# klogs - Log Monitoring Tools

Production-ready scripts for monitoring LLM operations and failures in the resources app.

## Quick Start

```bash
# 1. Start port-forward (keep running in separate terminal)
kubectl port-forward -n observability svc/loki-gateway 3100:80 --context=dev

# 2. Use the tools
./llm-show-failures prompts --time 24h    # Show actual LLM calls
./klogs search --message "latex" --time 1h # Search logs
```

## Tools

### 1. klogs (Main CLI)

Query Loki logs directly from the command line.

**Common commands:**
```bash
# Search logs
./klogs search --message "unmarshal" --time 24h
./klogs search --message "latex" --time 1h
./klogs search --severity ERROR --time 30m

# View trace
./klogs trace <trace-id>

# Show errors
./klogs errors --time 1h

# Live tail
./klogs tail --severity ERROR
```

**All options:**
```bash
./klogs search --help
```

### 2. llm-show-failures (Data Inspector)

Show the ACTUAL data that failed - raw JSON, bad LaTeX, full prompts.

**Commands:**
```bash
# Show actual LLM prompts and responses
./llm-show-failures prompts --time 24h

# Show actual bad LaTeX
./llm-show-failures latex --time 1h

# Show JSON that failed to unmarshal
./llm-show-failures unmarshal --time 30m

# Dump latest errors with full data
./llm-show-failures dump --time 1h

# View ALL data for a specific trace
./llm-show-failures trace <trace-id>
```

**What you get:**
- Full LLM system and user prompts
- Complete LLM responses (JSON output)
- Actual malformed LaTeX that failed validation
- Raw JSON that couldn't be unmarshaled
- Complete error context with trace IDs
- Stack traces and metadata

## Prerequisites

1. **Port-forward to Loki:**
   ```bash
   kubectl port-forward -n observability svc/loki-gateway 3100:80 --context=dev
   ```
   Keep this running in a separate terminal.

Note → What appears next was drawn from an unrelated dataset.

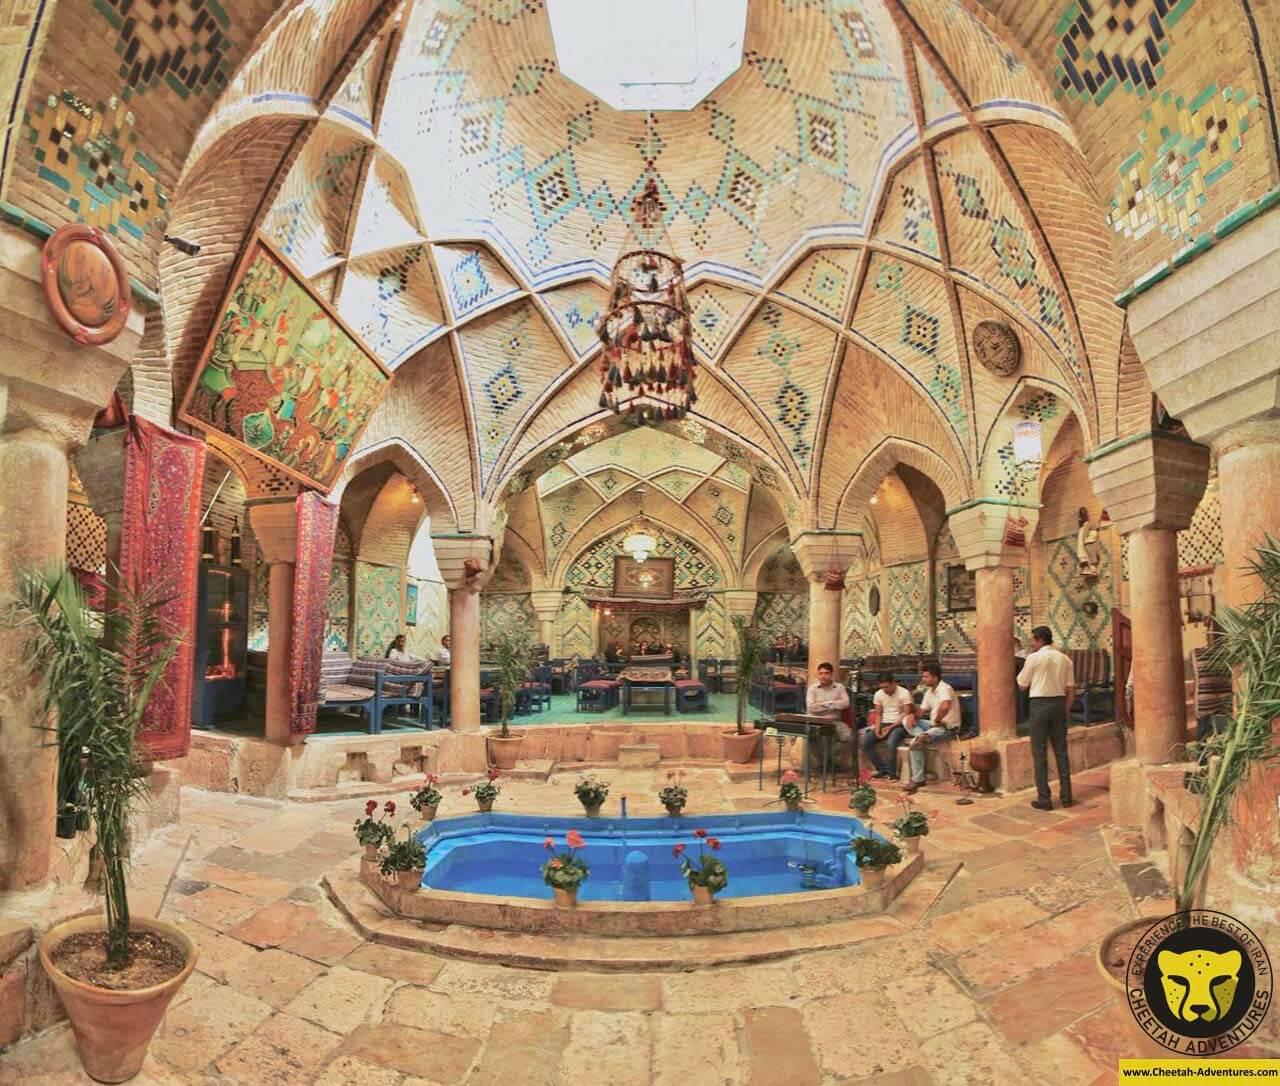 Vakil teahouse kerman travel guide iran tour package Cheetah adventures 3

2. **Python 3.x** (for llm-show-failures)
   ```bash
   python3 --version  # Should be 3.7+
   ```

3. **kubectl** configured for dev context

## Common Workflows

### Investigation: "Why did this lesson plan fail?"

```bash
# 1. Find errors
./klogs search --message "lessonPlanID.*lp_..." --severity ERROR --time 2h

# 2. Get trace ID from output, then view full trace
./llm-show-failures trace <trace-id>

# 3. See actual LLM calls
./llm-show-failures prompts --time 2h

# 4. Check for LaTeX issues
./llm-show-failures latex --time 2h
```

### Monitoring: "What's failing right now?"

```bash
# Recent errors with full data
./llm-show-failures dump --time 30m

# Live stream
./klogs tail --severity ERROR
```

### Debugging: "What did the LLM actually generate?"

```bash
# See last 5 LLM calls with full prompts and responses
./llm-show-failures prompts --time 1h 5
```

### Analysis: "Show me LaTeX correction failures"

```bash
# Find LaTeX errors
./klogs search --message "latex" --severity DEBUG --time 4h

# See the actual bad LaTeX
./llm-show-failures latex --time 4h
```

## Understanding the Output

### klogs Output

Human-readable format:
```
DEBUG [08:31:50] latex corrected output
       ↪ lesson_plan/node_reconciler.go:939
       🔗 Trace: 4004a689b0954b4eb07dec2e78600073
       👤 User: 7jySsBW1Zda0WXOiMOvvfPFbLSg1
```

With `--json` flag: adds full JSON after human output.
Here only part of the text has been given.